## What this task involves
Extract, exactly and without pictures, every line from the one that includes "Фото -Монтаж потолка" through the final line of the material below.

## Provided material
= = = =
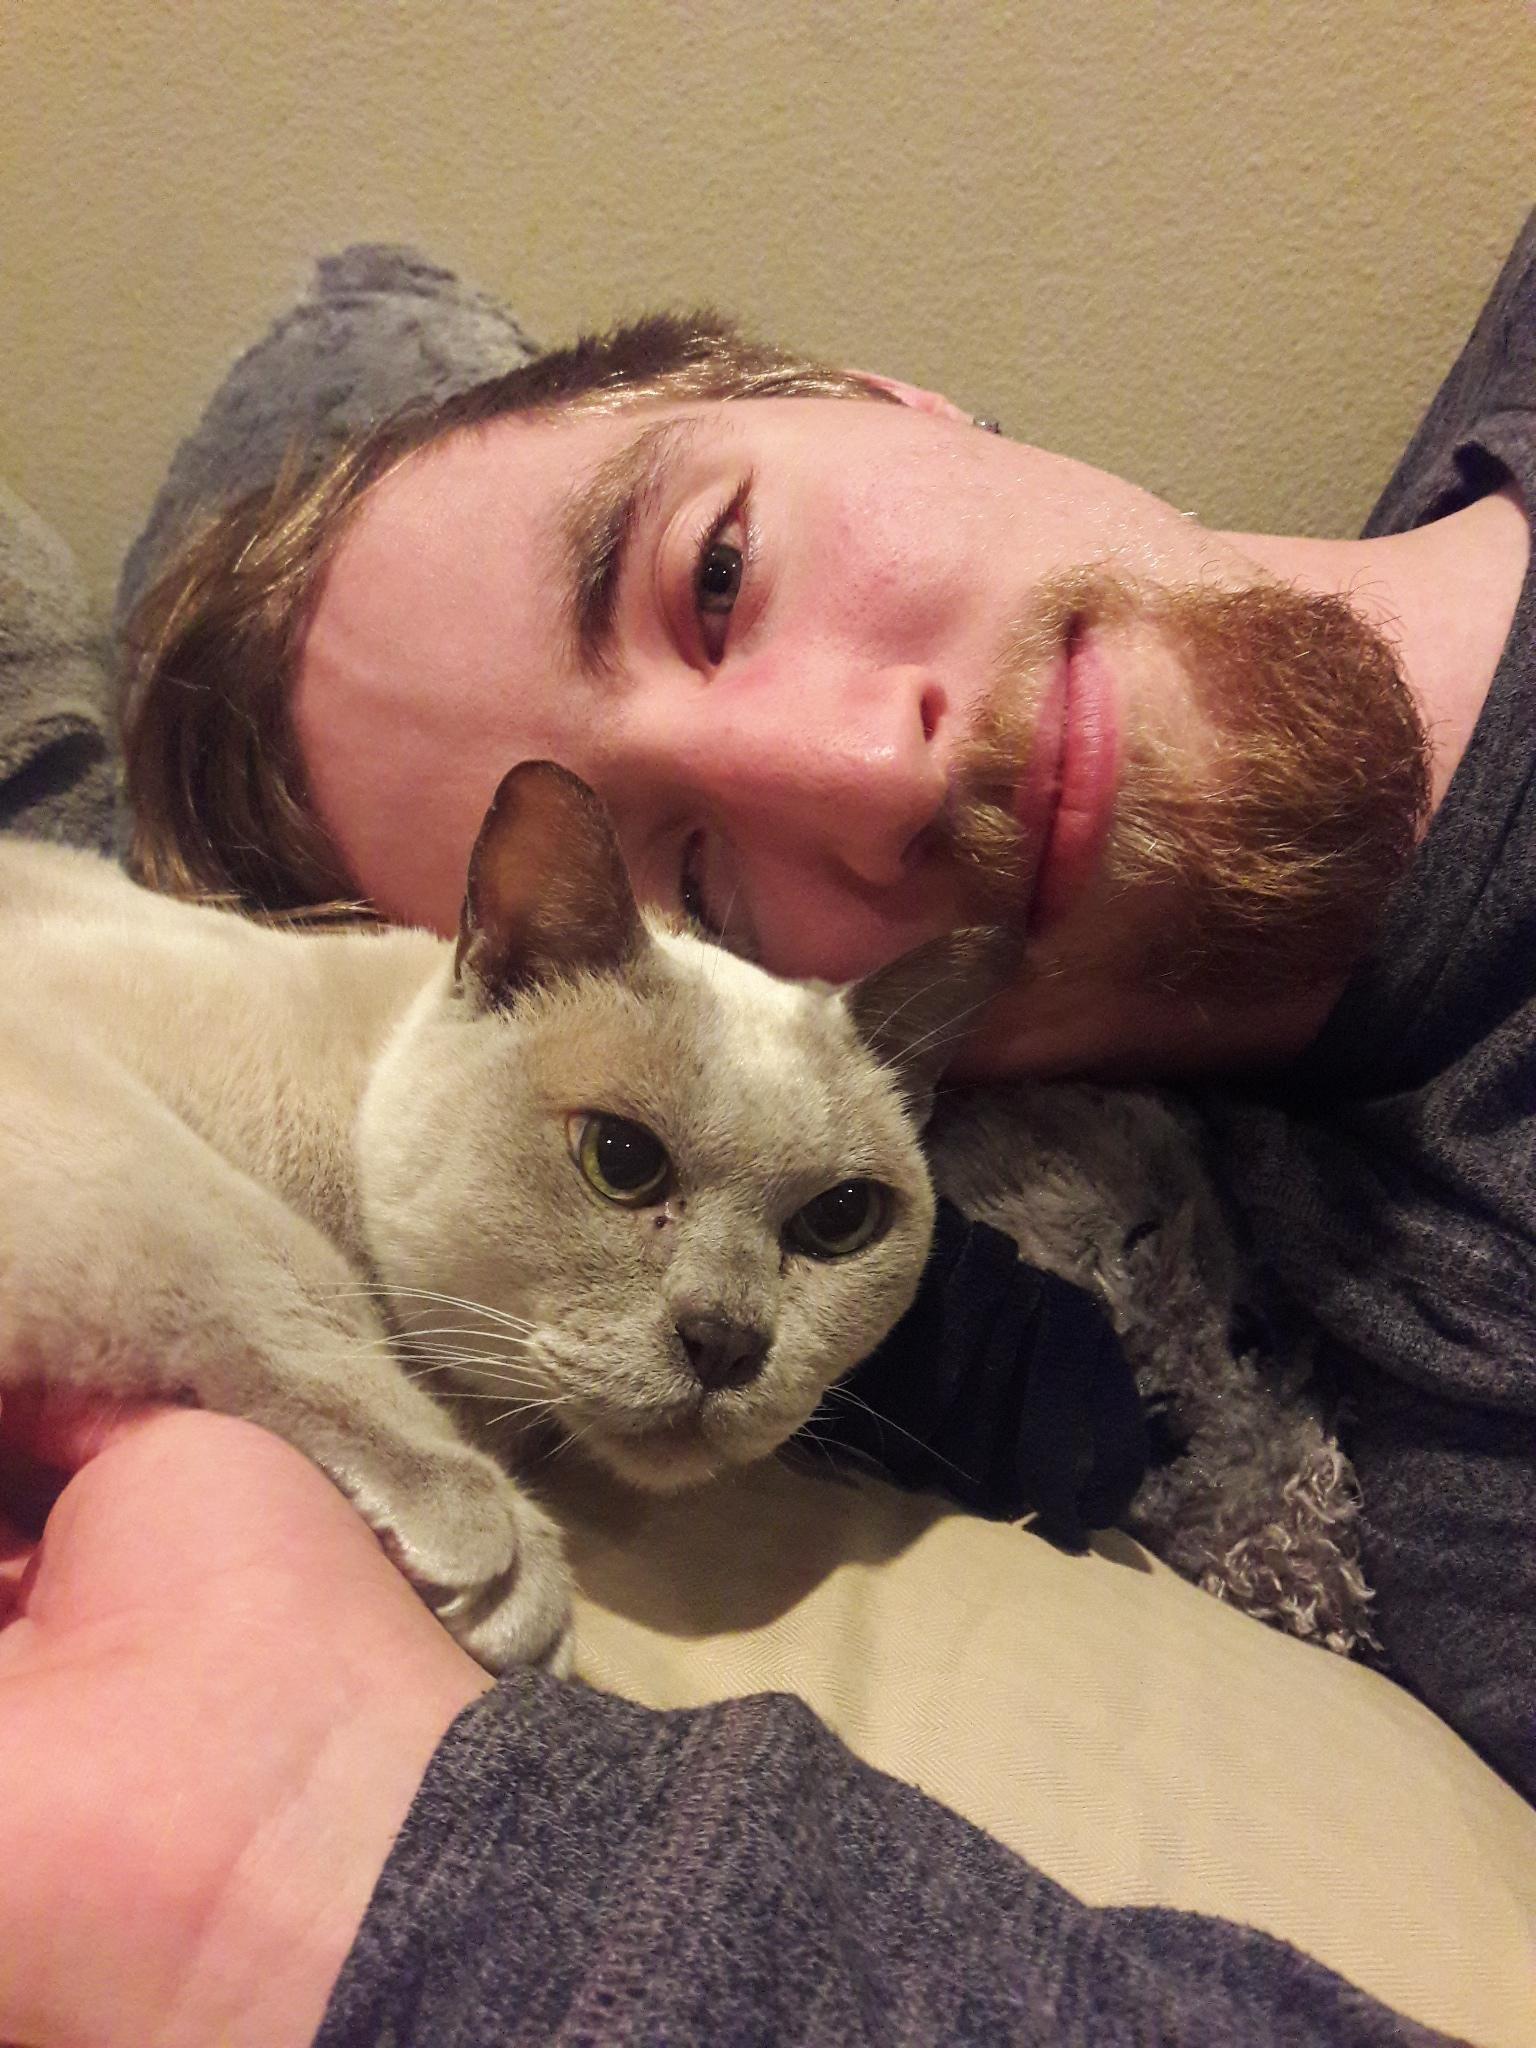 My boyfriend with his cat http://ift.tt/2pSGXMw
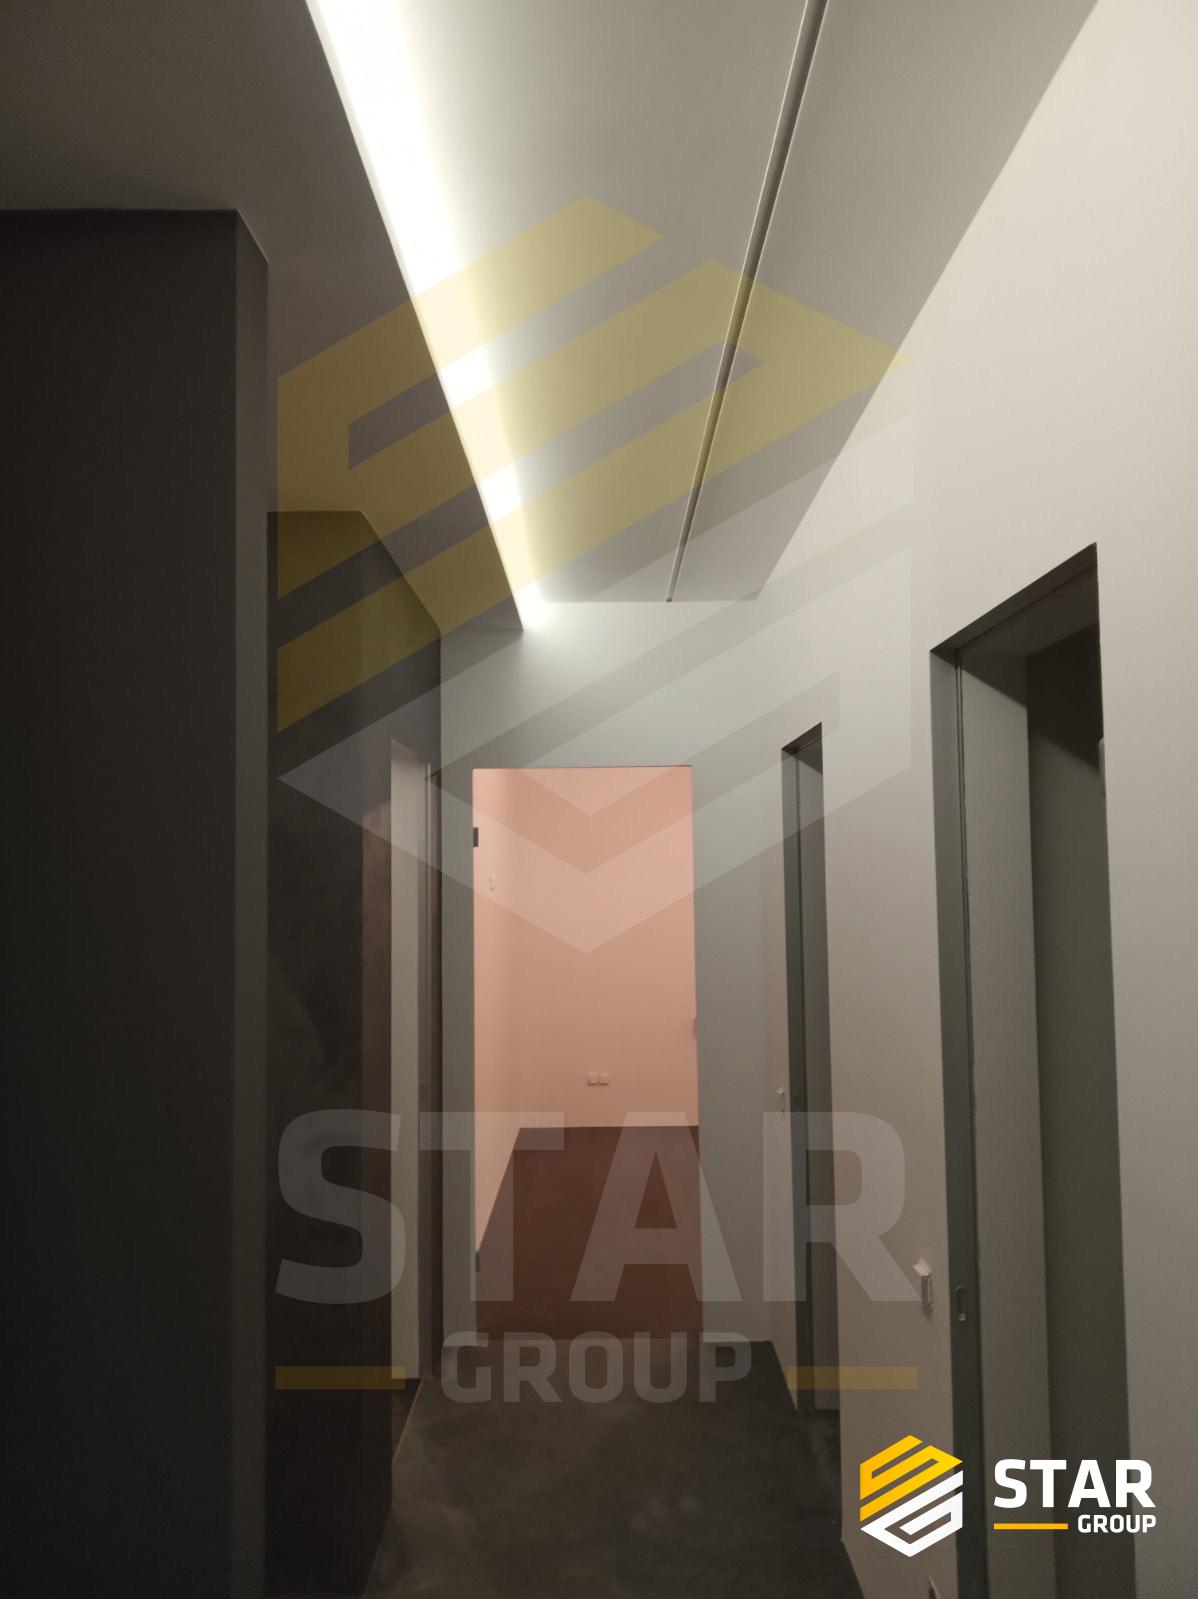 Фото -Монтаж потолка из ГКЛ -Шпаклевка -Покраска -Декоративная штукатурка
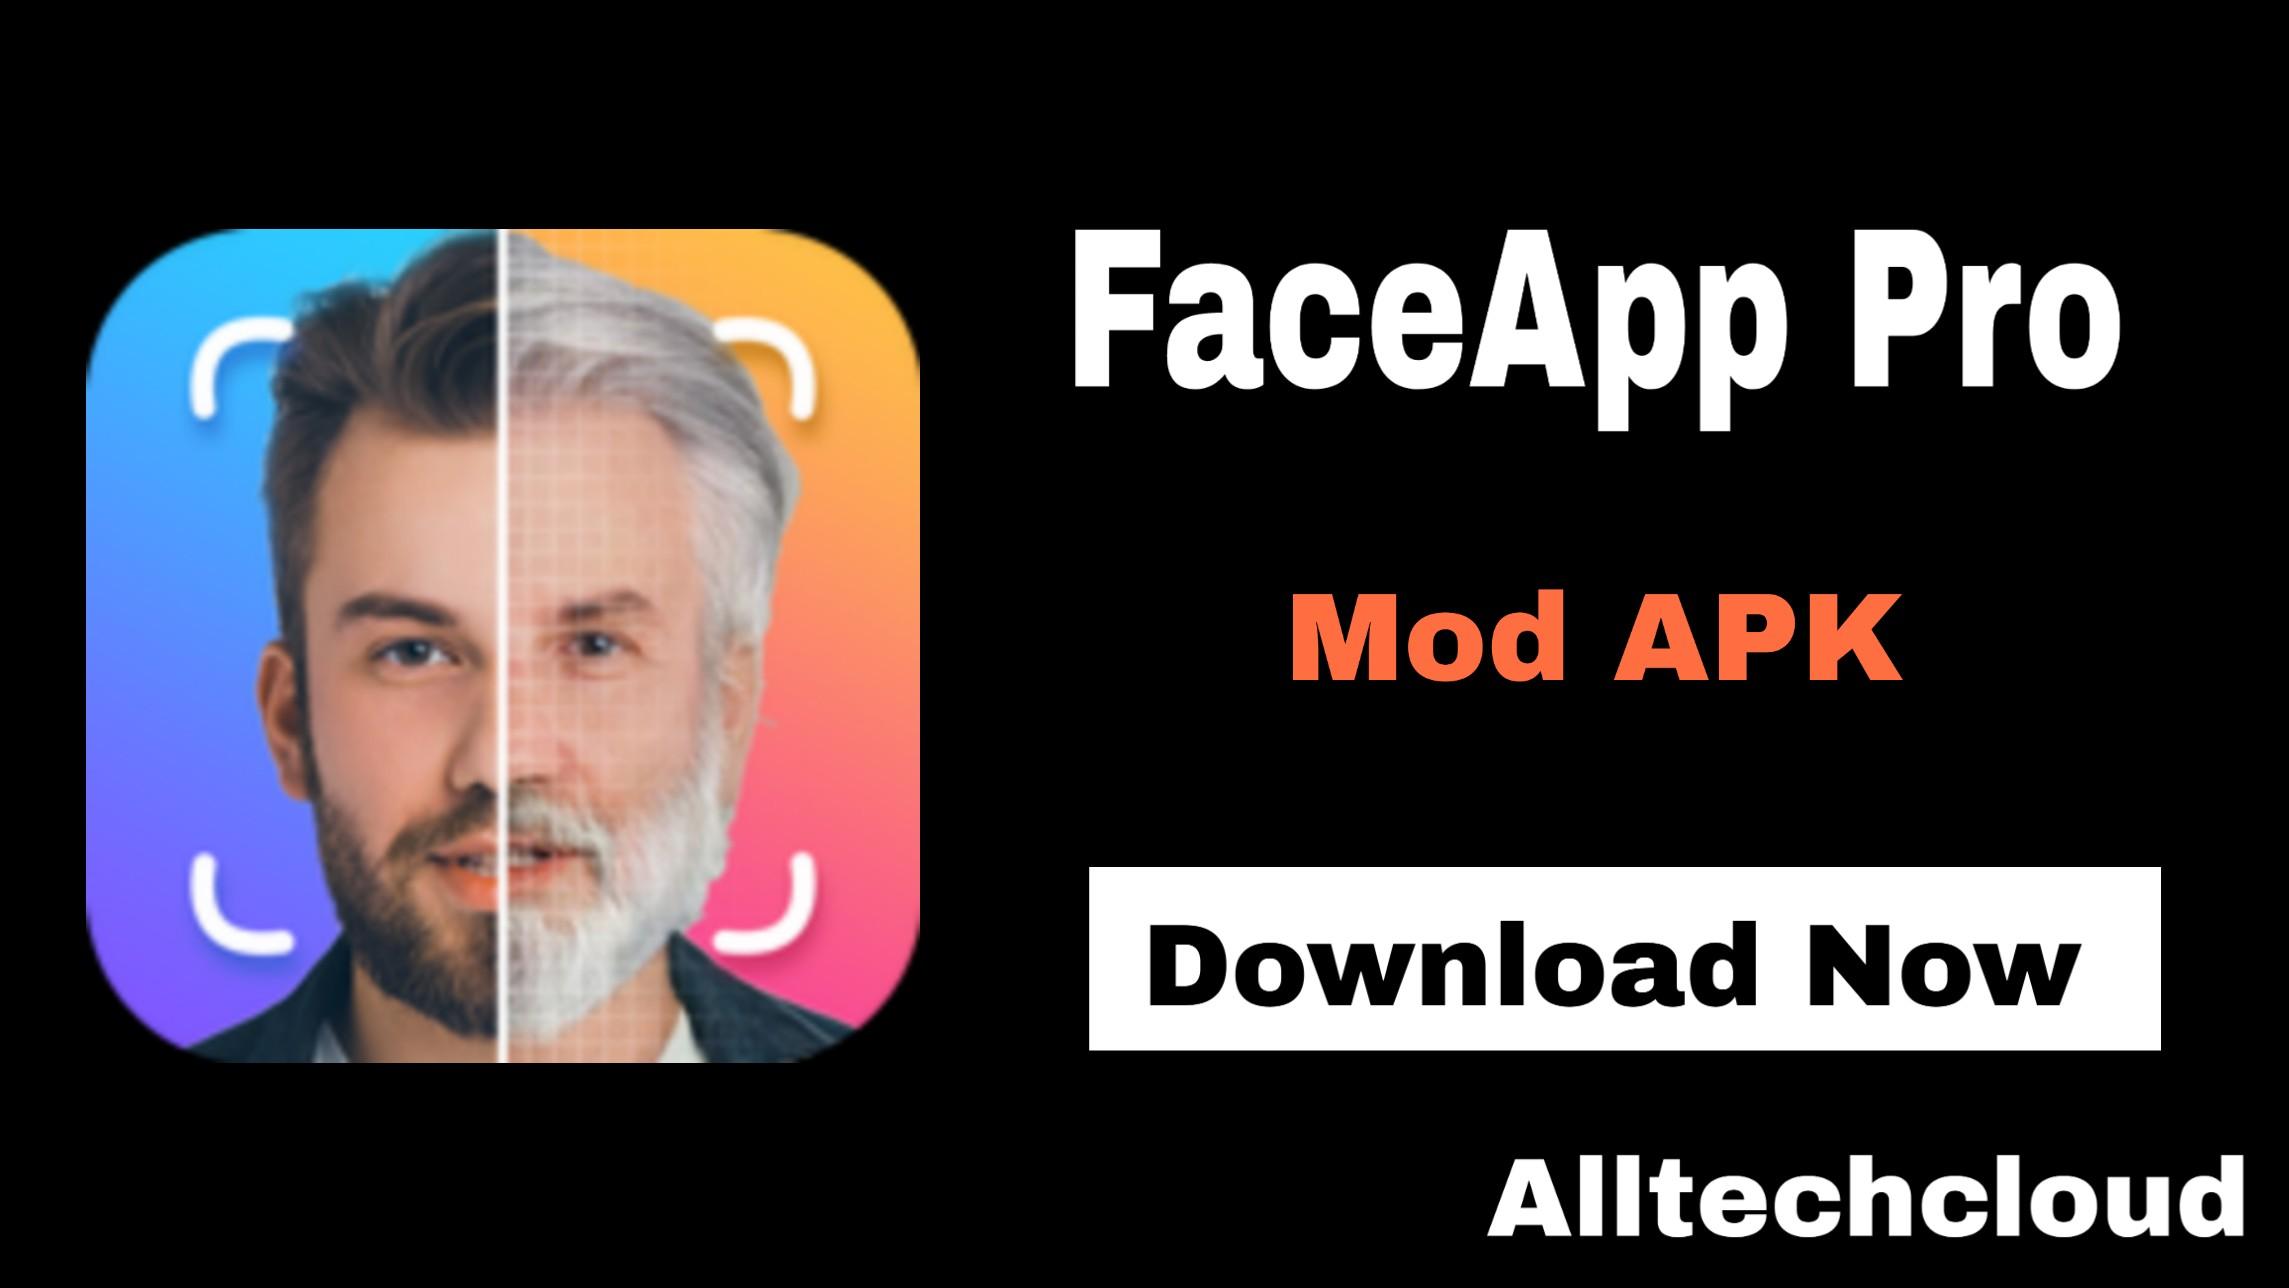 FaceApp Pro Mod APK 4.5.0.10 Free Download [Unlocked/Ads Free] 2021
= = = =
## Exercise answer
 Фото -Монтаж потолка из ГКЛ -Шпаклевка -Покраска -Декоративная штукатурка
 FaceApp Pro Mod APK 4.5.0.10 Free Download [Unlocked/Ads Free] 2021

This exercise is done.